I know next to nothing about the sun but I think the article implies that it’s because of convection currents—closer to the center, plasma heats up and expands, rises, cools off, and falls back in. The picture looks vaguely like a Voronoi diagram too, which sort of fits as the plasma has to spread out of its own hot plume before sinking.


Close. The Sun is not a fully convective star. Convection only occurs in the outer 30% or so. The inner part is called the radiation zone [1] and it is here that energy from fusion in the core makes its way out by radiative transfer as well as conduction. This is a very slow process compared to convection, taking more than 170,000 years for the photos produced by fusion to reach the convection zone.

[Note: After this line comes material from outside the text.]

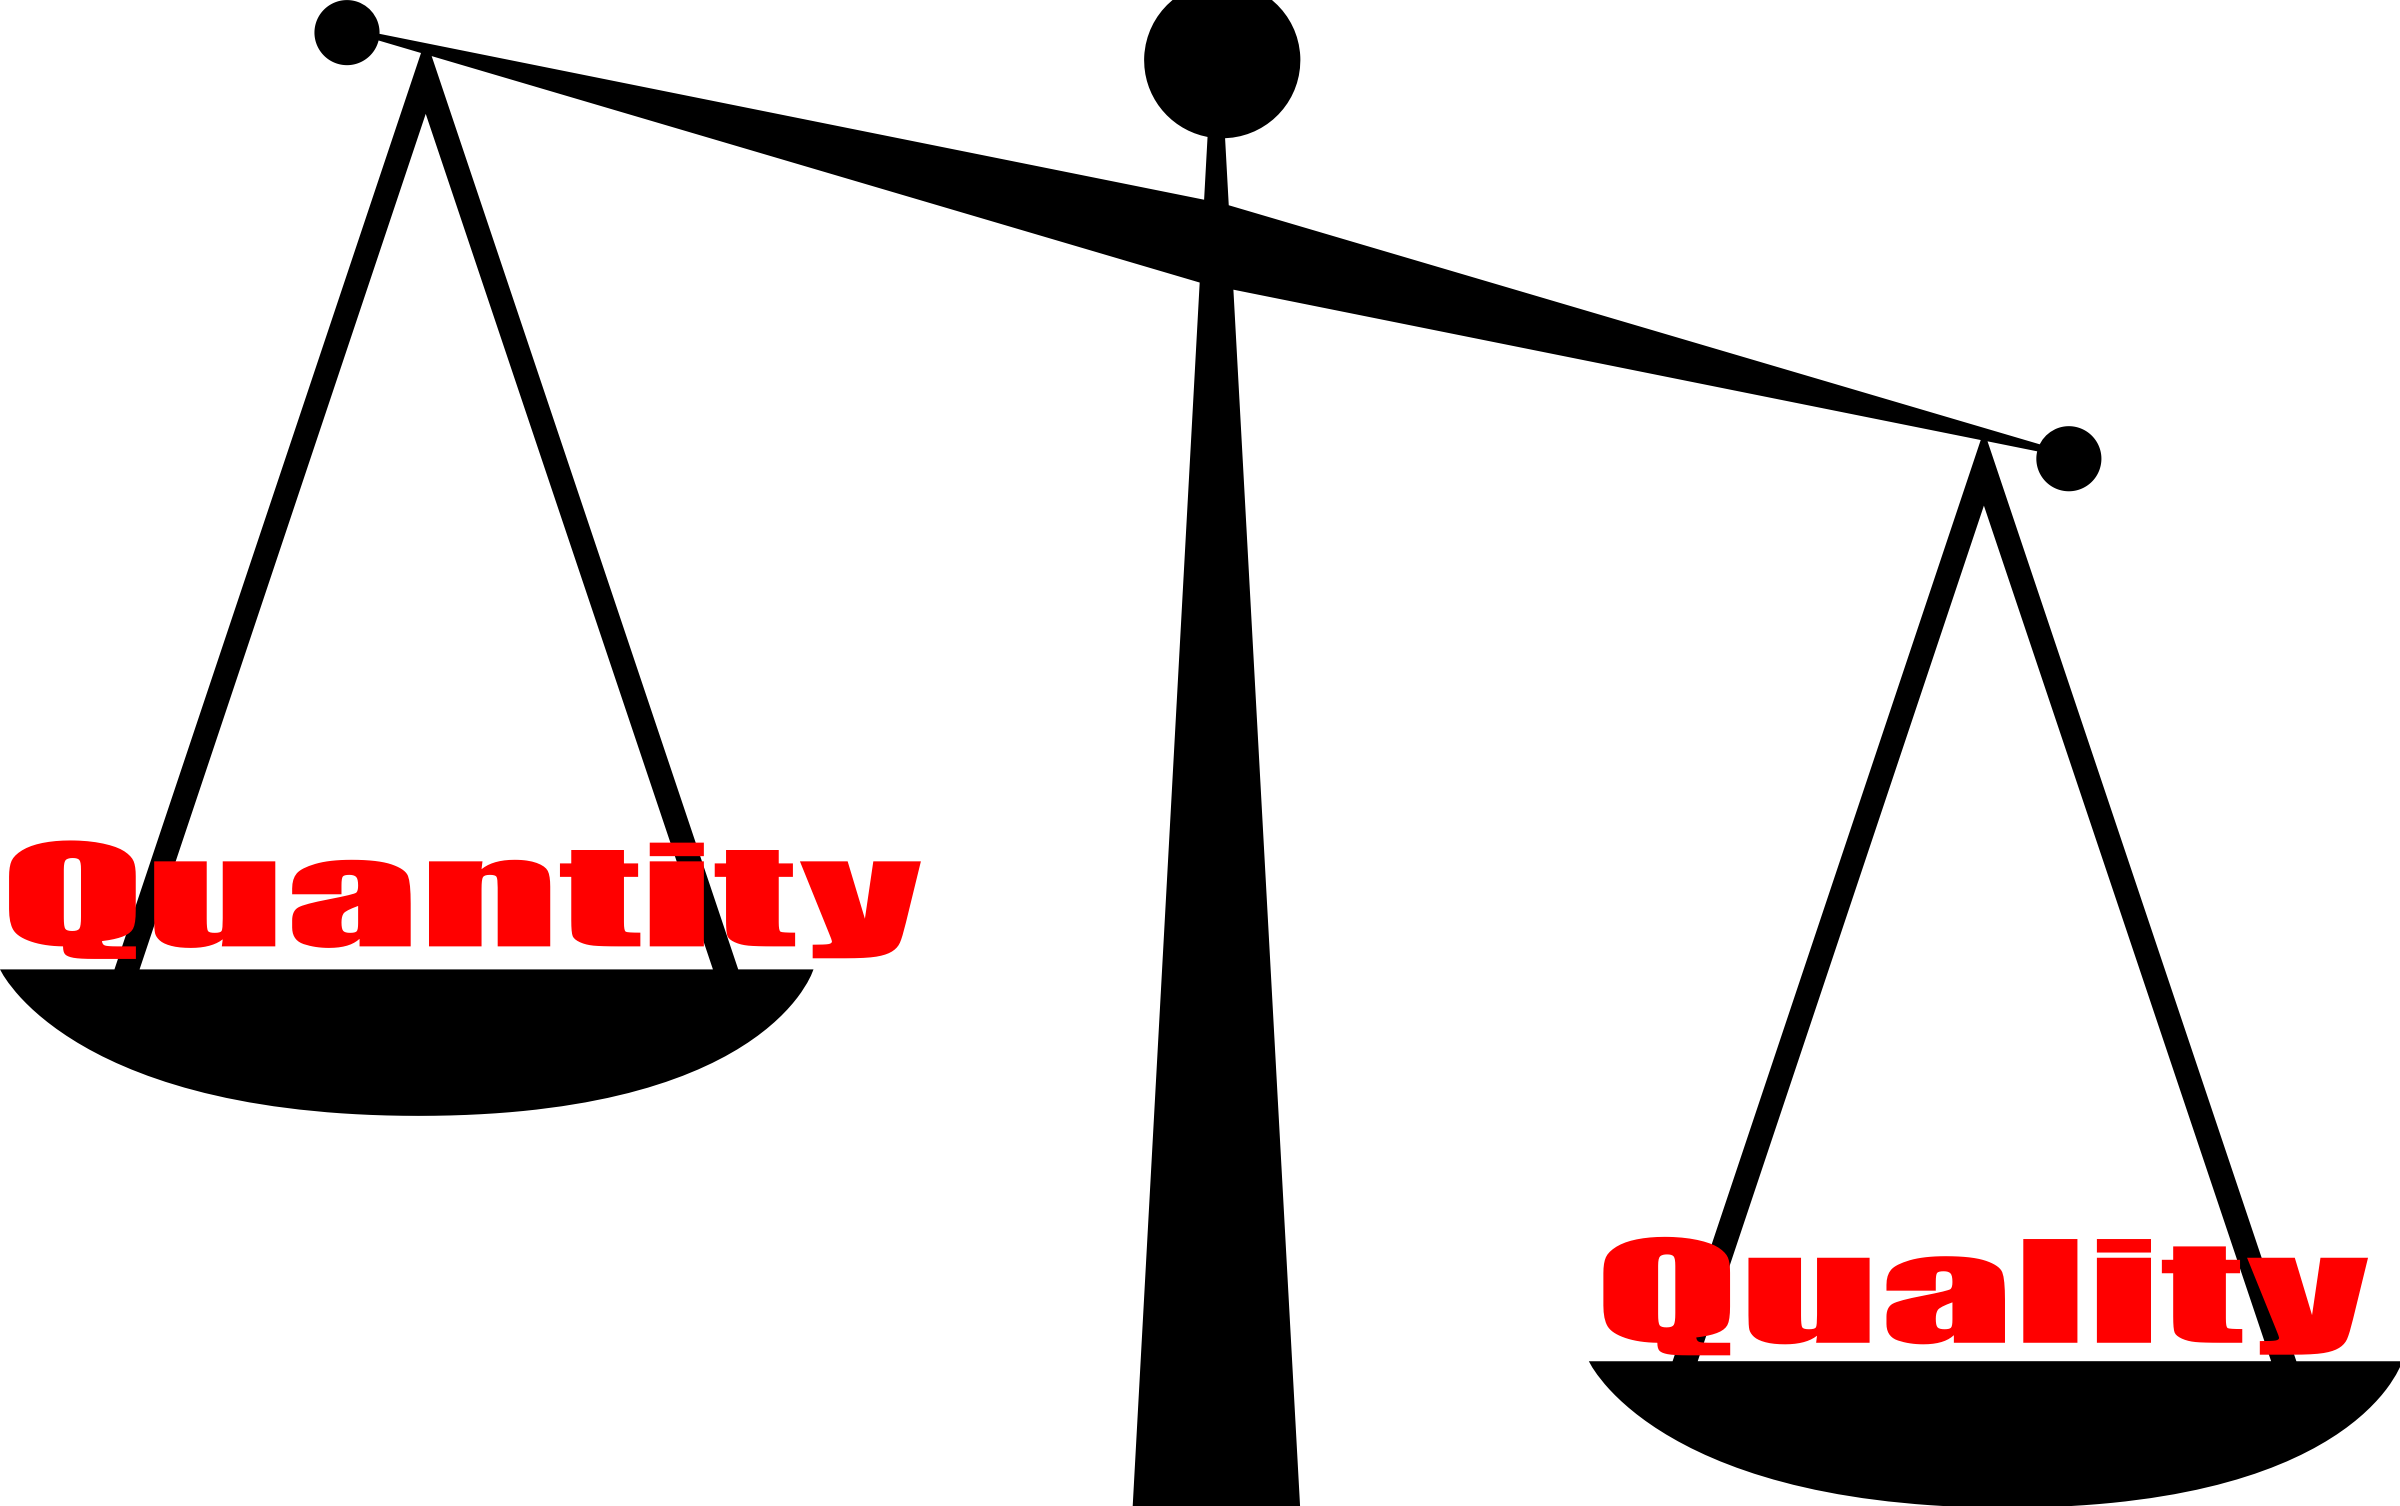 Quality vs quantity.
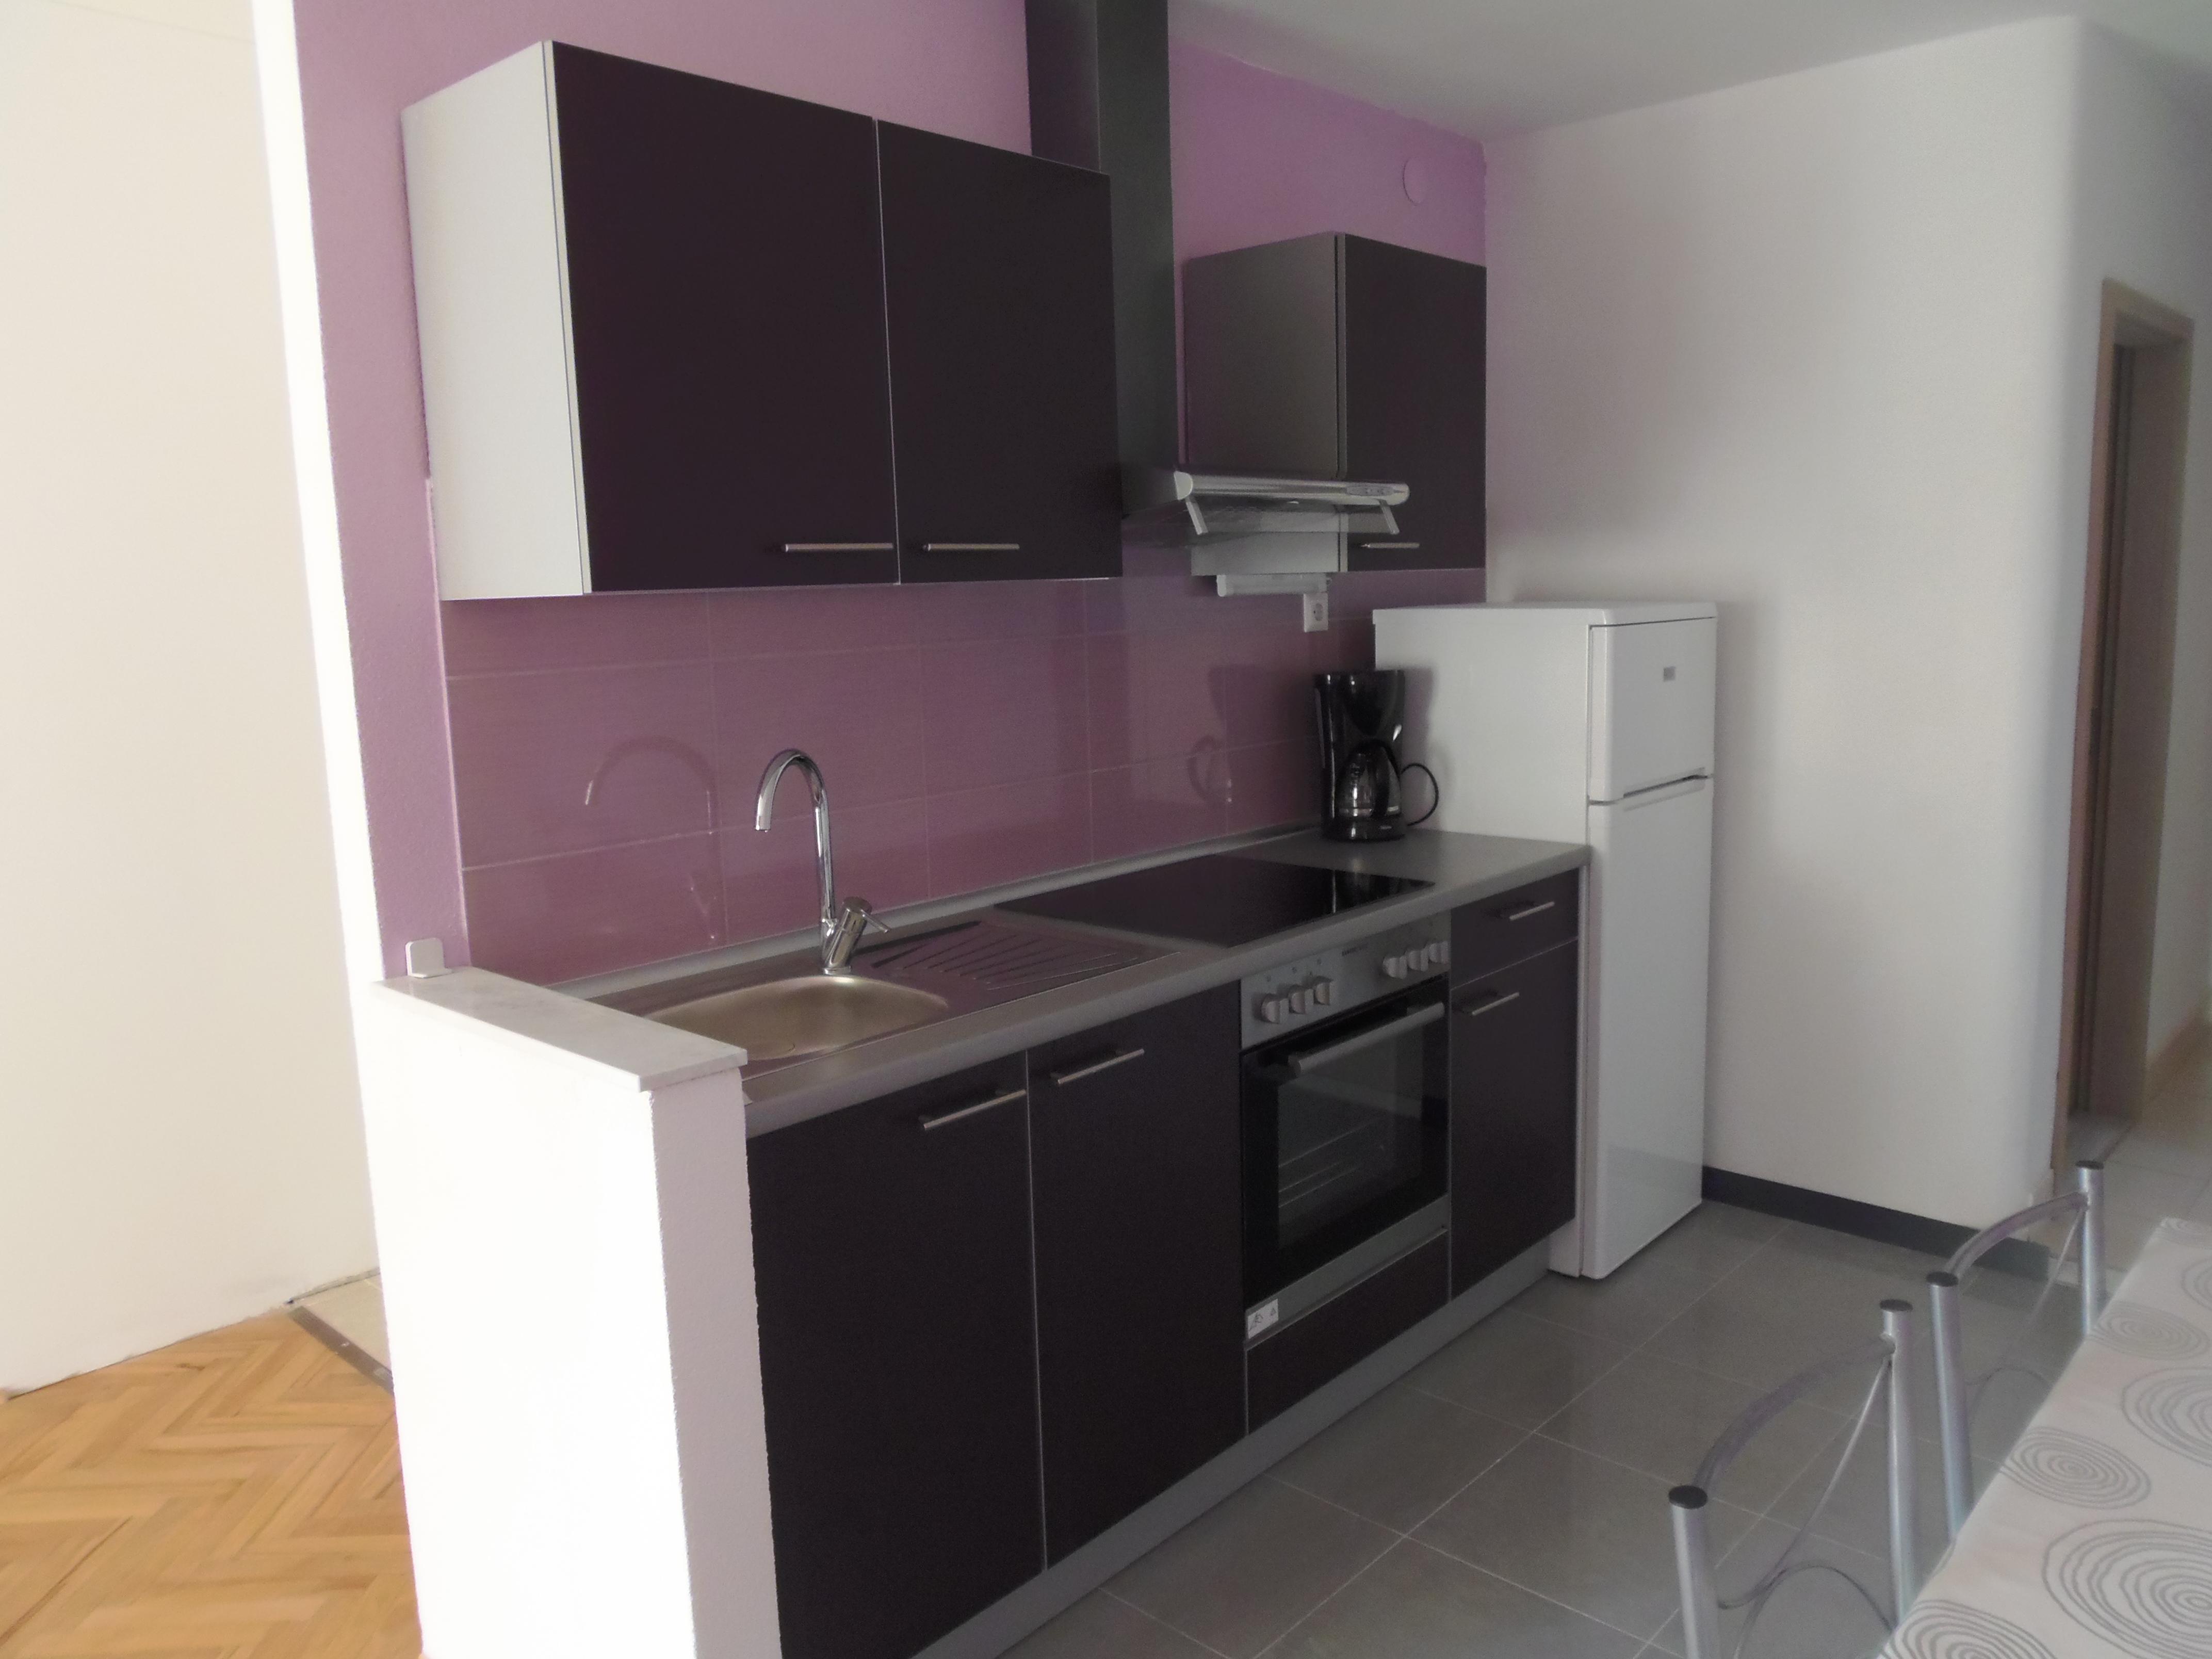 Keuken appartement 2

[1] https://en.wikipedia.org/wiki/Radiation_zone


Wouldn’t we be observing the outer 30% (or 1%) though? From the diagram on the page you linked it seems that the granules in the photo exist in the photosphere, where convection is the dominant mode of energy transfer. That said, none of the conduction could happen without radiation further inside.


Yeah, we’re seeing the convection from the outer 30%, bubbling up on the surface of the photosphere. All of the fusion takes place down in the core though. It’s very difficult to fuse hydrogen and so it can only occur at the extreme pressures in the middle of the sun.


I had a similar comment about voronoi. Nature and science are beautiful.